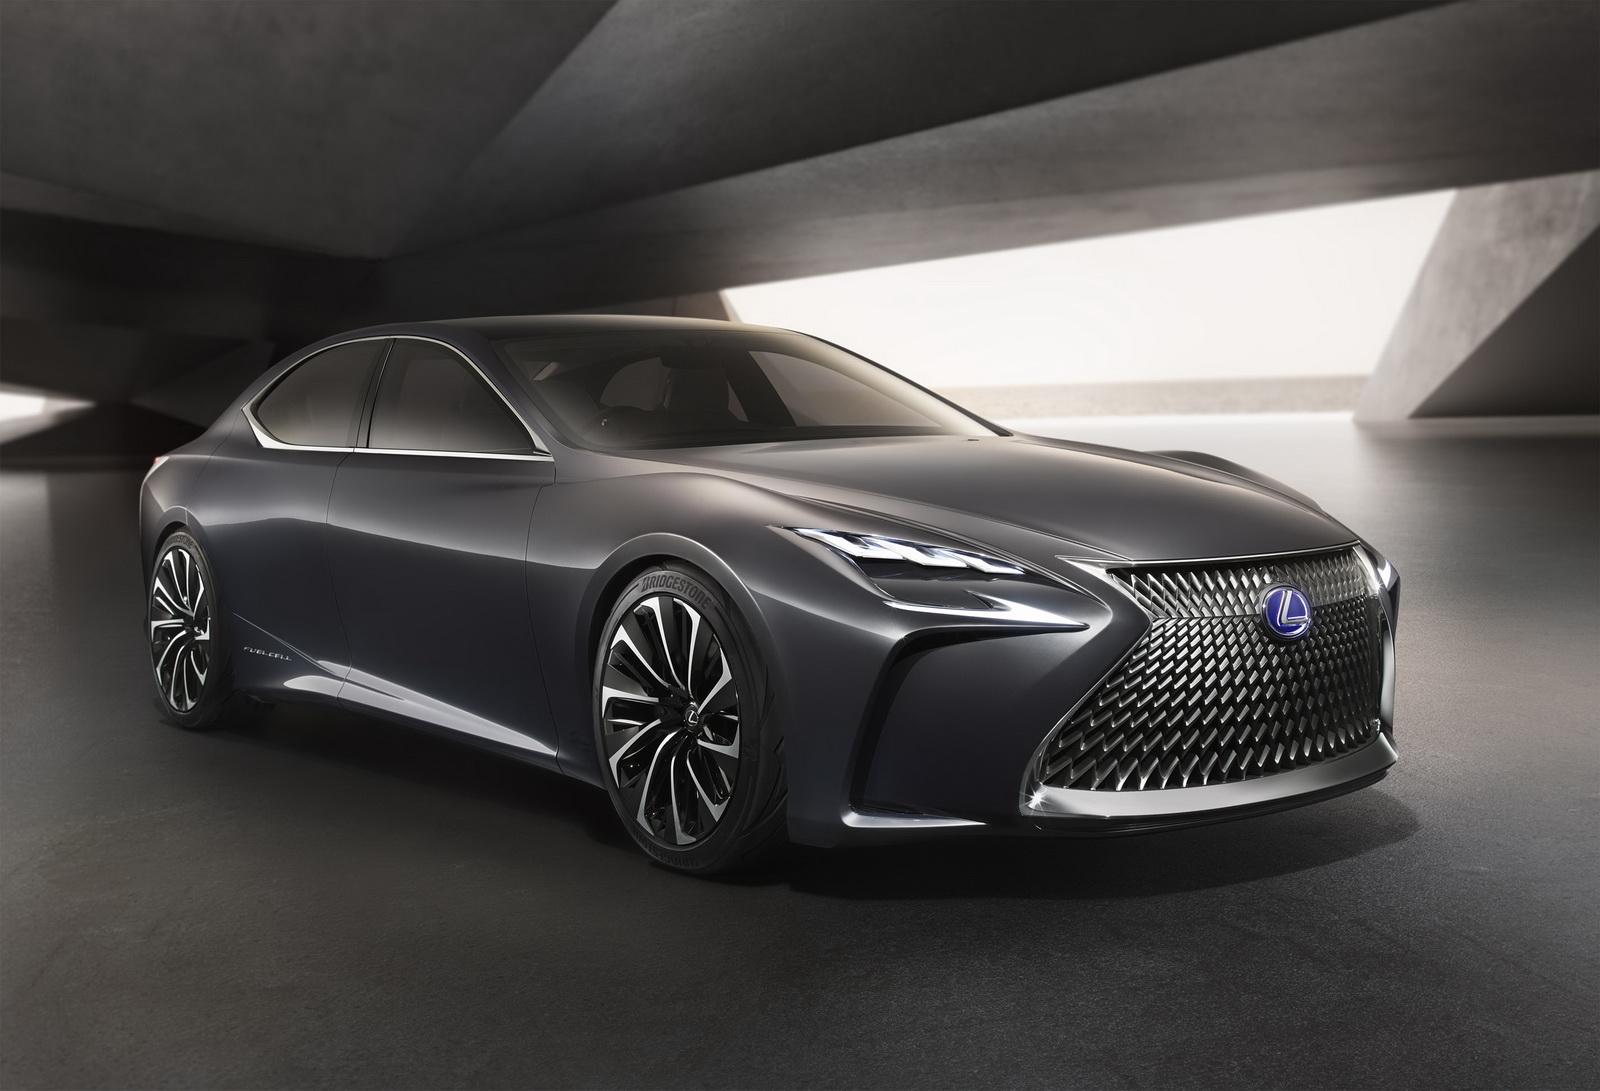 https://storage.googleapis.com/gtspirit/uploads/2015/10/Lexus-LF-FC-Concept-5.jpg
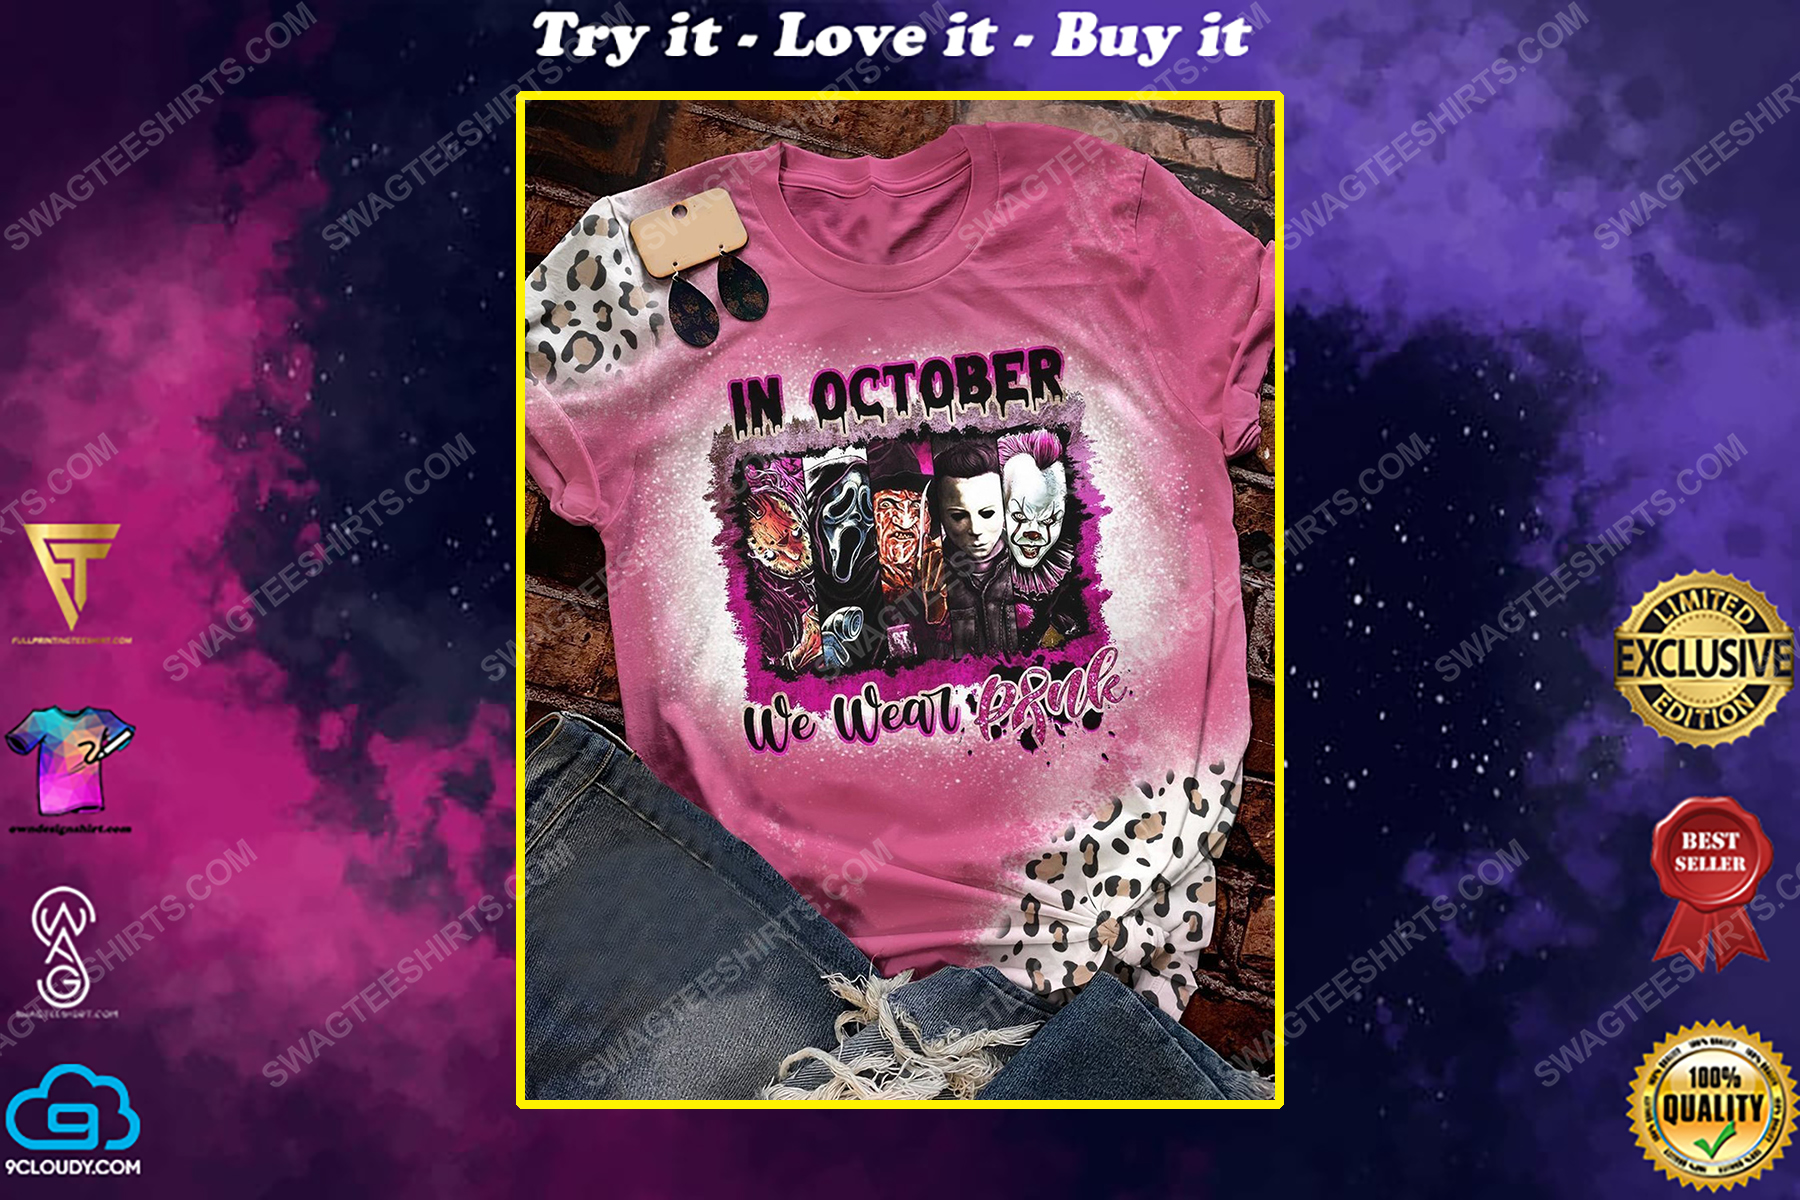 Breast cancer awareness in october we wear pink serial killers shirt
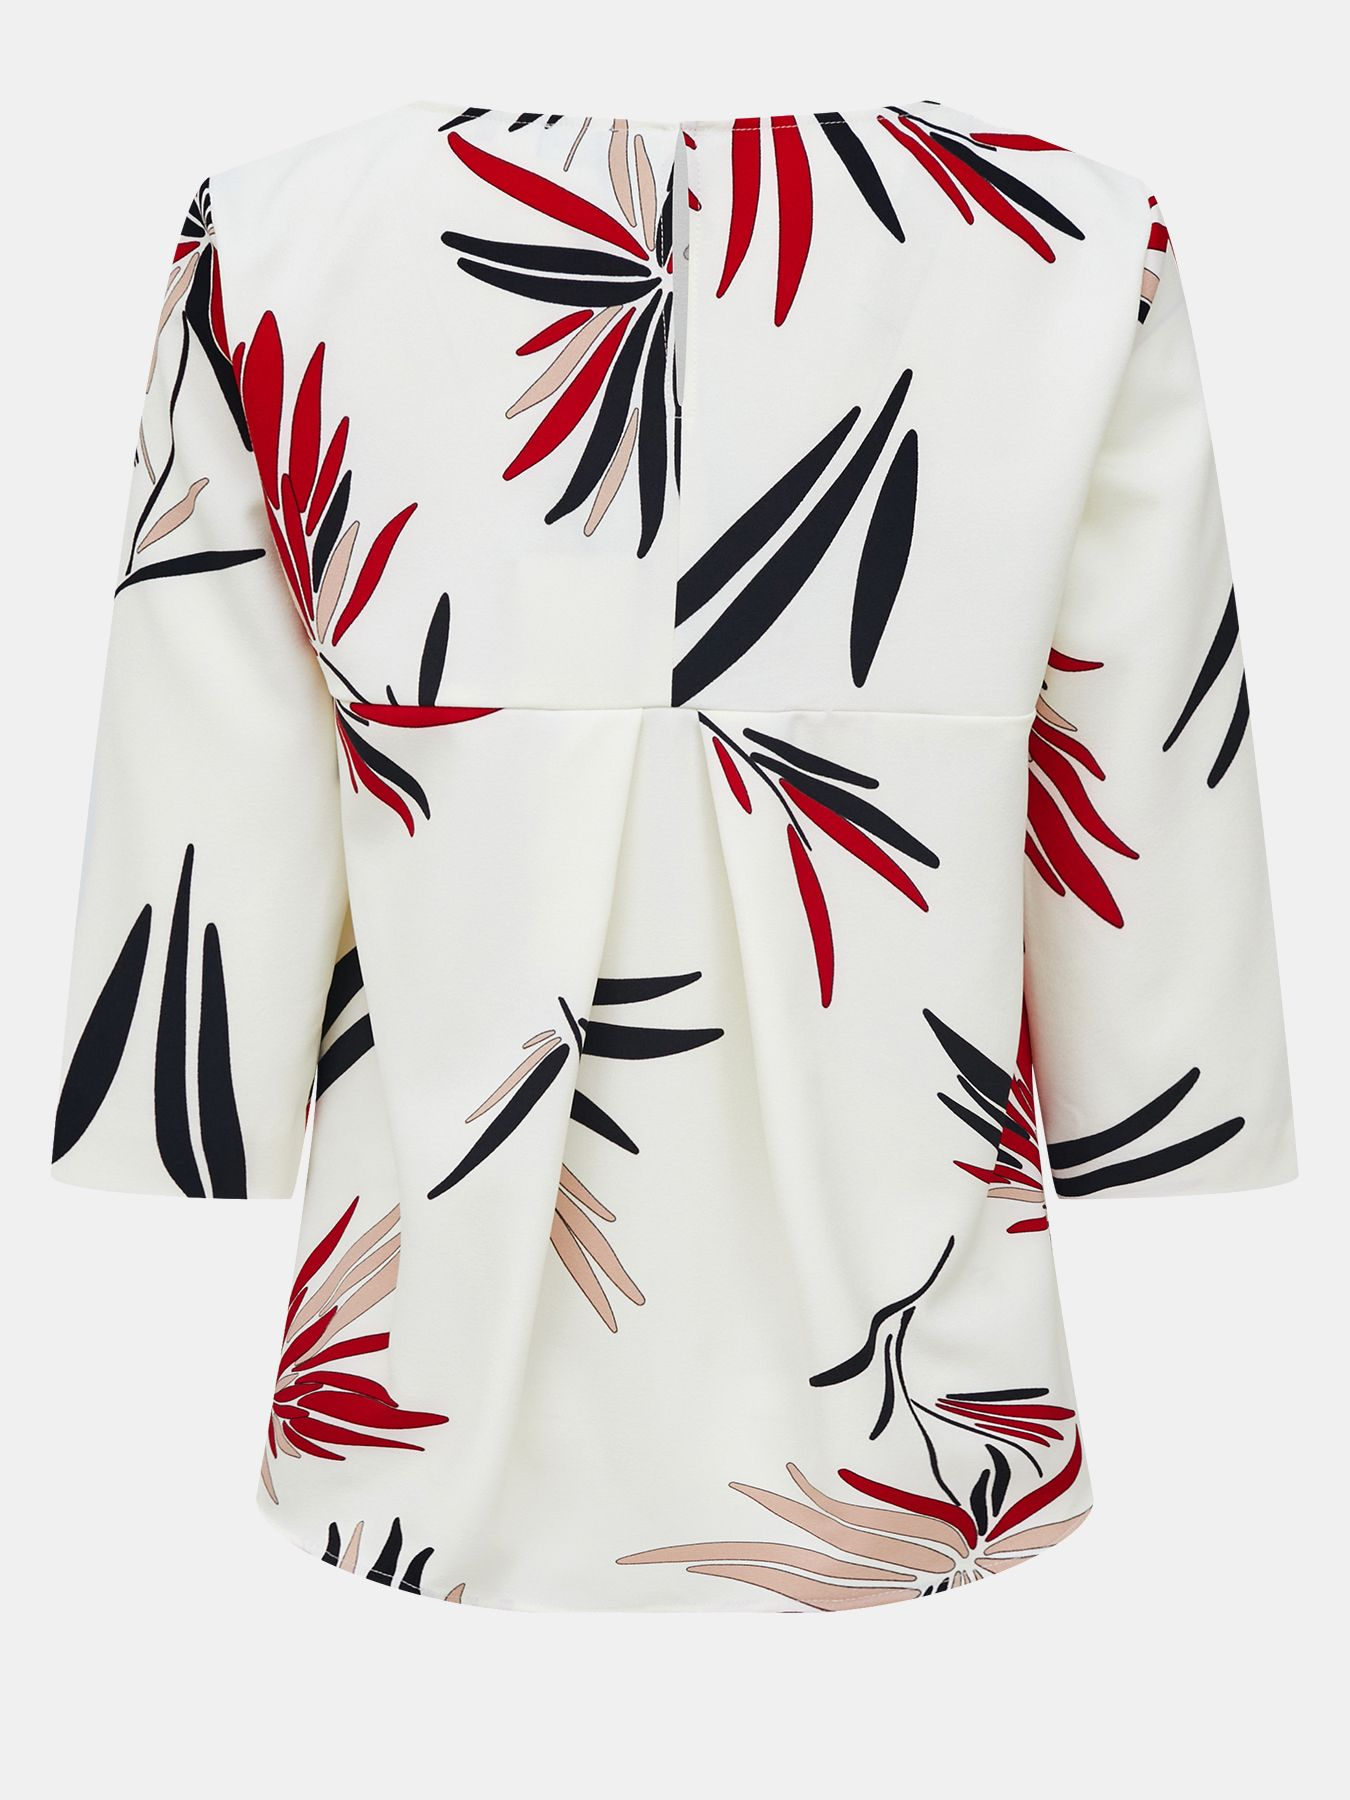 Блузка Emme Marella Блузка Deborah блузка emme marella блузка lisa

★ ★ ★ ★ ★ ★ ★

== What is needed ==
Output nothing but the lines from the line with "Breast cancer awareness" through the last line of the material above, please, word for word and without the pictures.

== Exercise answer ==
 Breast cancer awareness in october we wear pink serial killers shirt
 Блузка Emme Marella Блузка Deborah блузка emme marella блузка lisa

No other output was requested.